Oct 14, 2022 - Jan 30, 2023
Join us on Saturday, January 28 for an in-person, participatory reading of selected sections from The Overstory novel. Artist Diane Samuels will be on hand, virtually, to talk about her art.
Diane Samuels has been creating scrolls for years based on books, plays, and poems. Her extraordinary facility with artistic media brings new attention to the words of well-known authors; however, her own unique interpretation of those words—augmenting and combining them with aligned images, colors, textures, and design—uncovers a new art form, one initiated by the resonance Samuels finds within a book and her own life.
See a November interview with Samuels and The Harvard Gazette and Scroll Through The Overstory interview on the Arnold Arboretum’s website.
An artist who has combined art and compassion, Samuels looks to the connections a writer finds with people, cultural issues, nature, and more, and makes those connections hers through a visual medium that complements and extols the author’s message.
She has exhibited throughout the U.S. and world, and her permanent site-specific artworks include Luminous Manuscript at the Center for Jewish History in New York City, and Lines of Sight at Brown University.
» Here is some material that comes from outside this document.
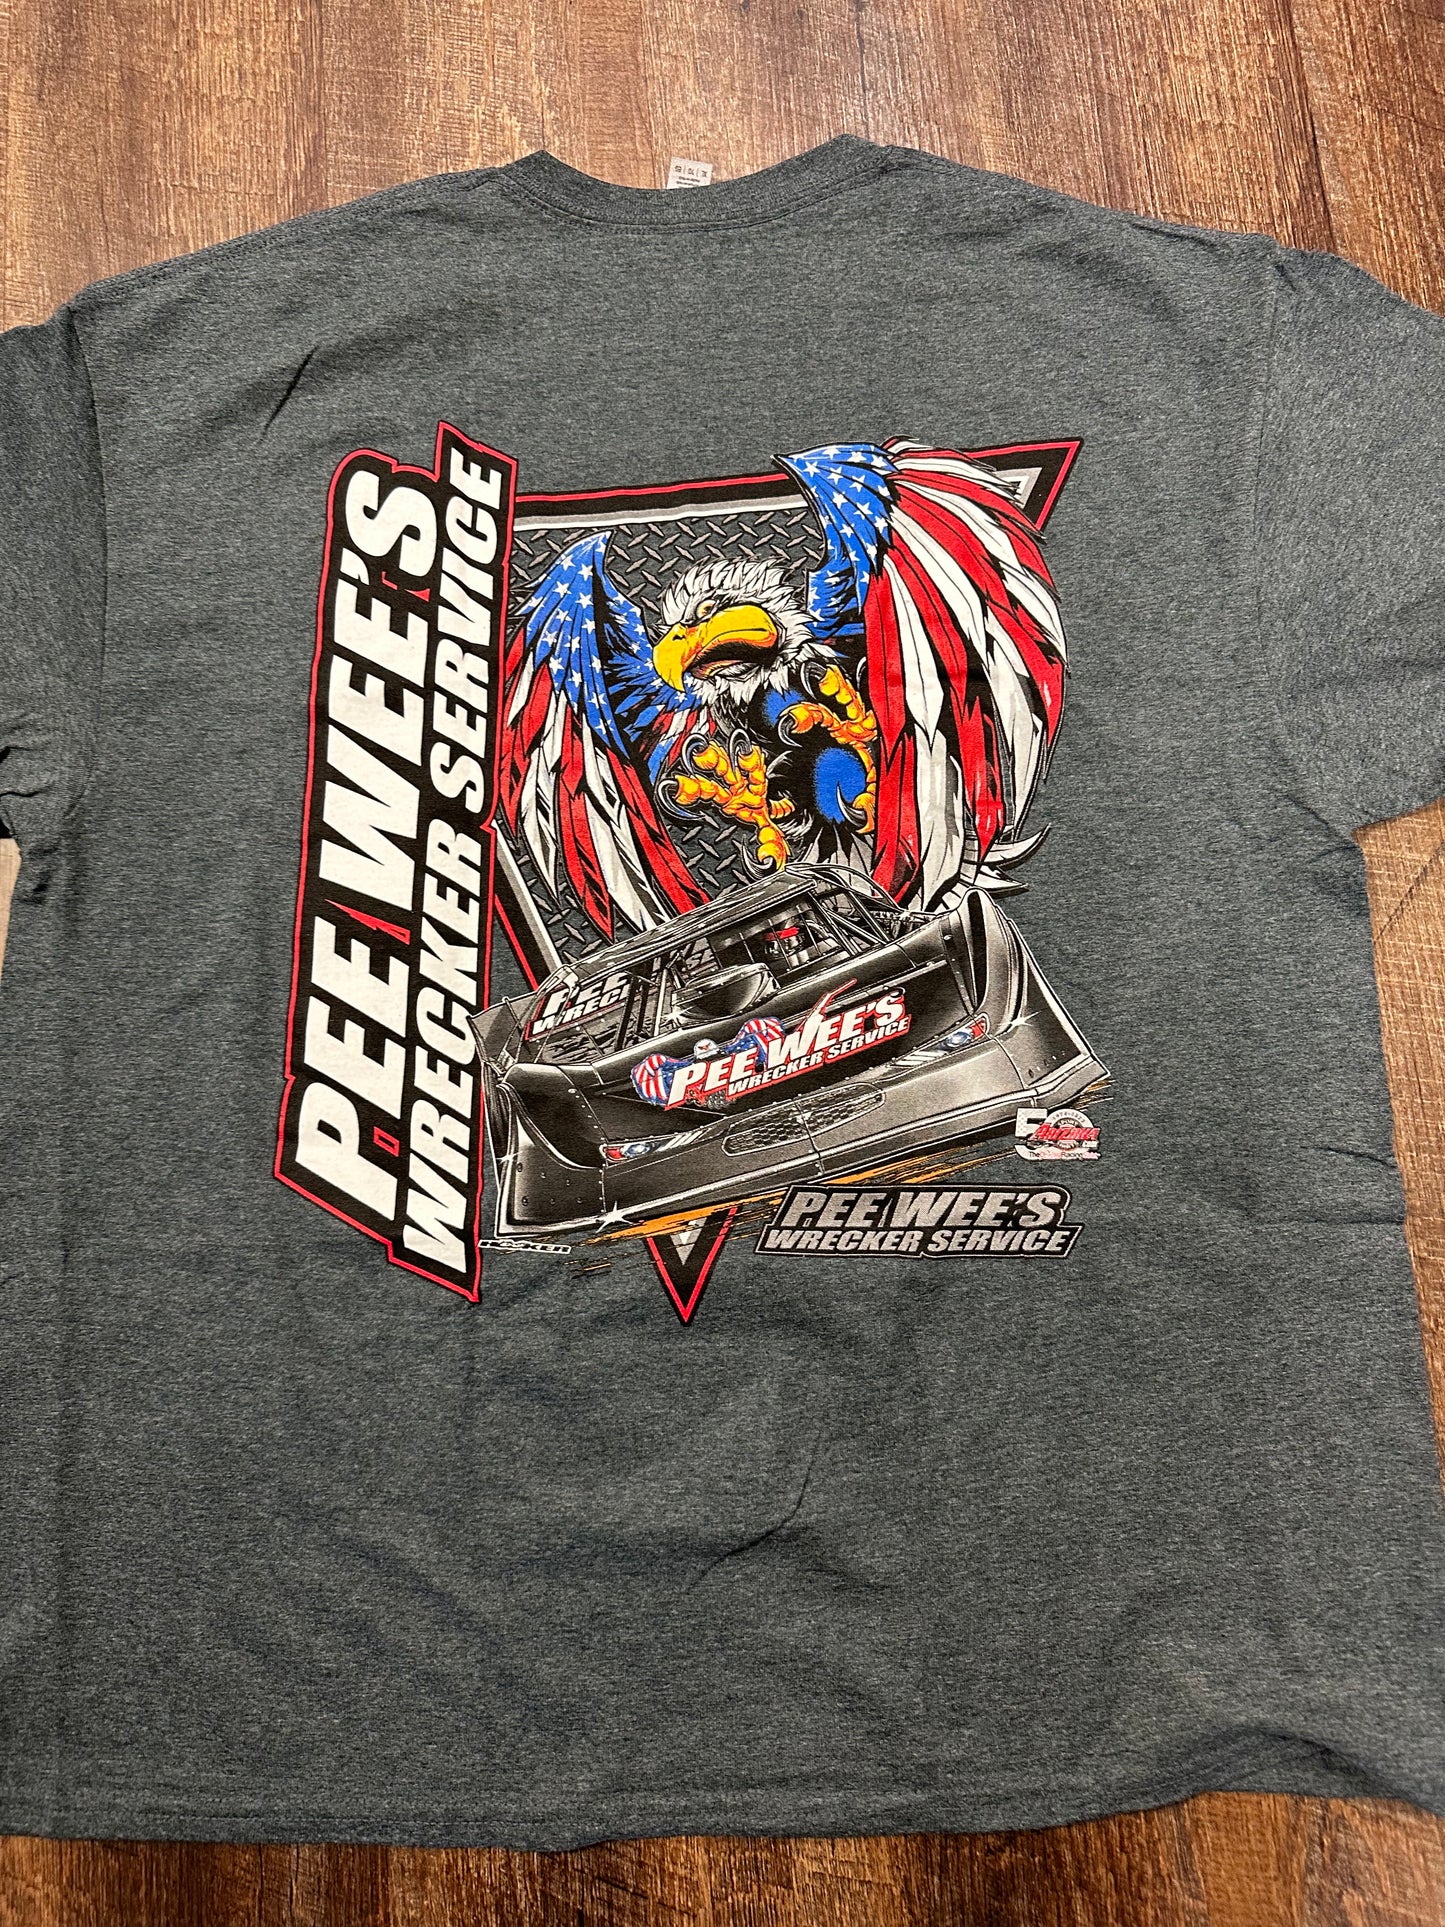 Pee Wee’s Racing Shirt

She holds honorary PhDs and has many awards and commissions. Her work is represented in numerous collections including Carnegie Museum of Art, Bank of New York Mellon, Reed College, Municipal Museum of Art (Gyor, Hungary) and Ruth and Marvin Sackner Archive of Concrete and Visual Poetry.
A select few of the scrolls she has completed, besides The Overstory, are: Romeo and Juliet, Moby-Dick or The Whale, Leaves of Grass, and The Odyssey.
Find out more about Samuels and her work on her website.
All rights of the images reside with the artist. For more information on making a copy, or reusing an image, please send your request to arbweb@arnarb.harvard.edu.
For information on the work itself, please also send your request to arbweb@arnarb@harvard.edu. We will put you in touch with the artist.
To best view this exhibition, hold your mouse on an image to see the small magnifier, then click to get the gallery.
All photographs by Thomas Little.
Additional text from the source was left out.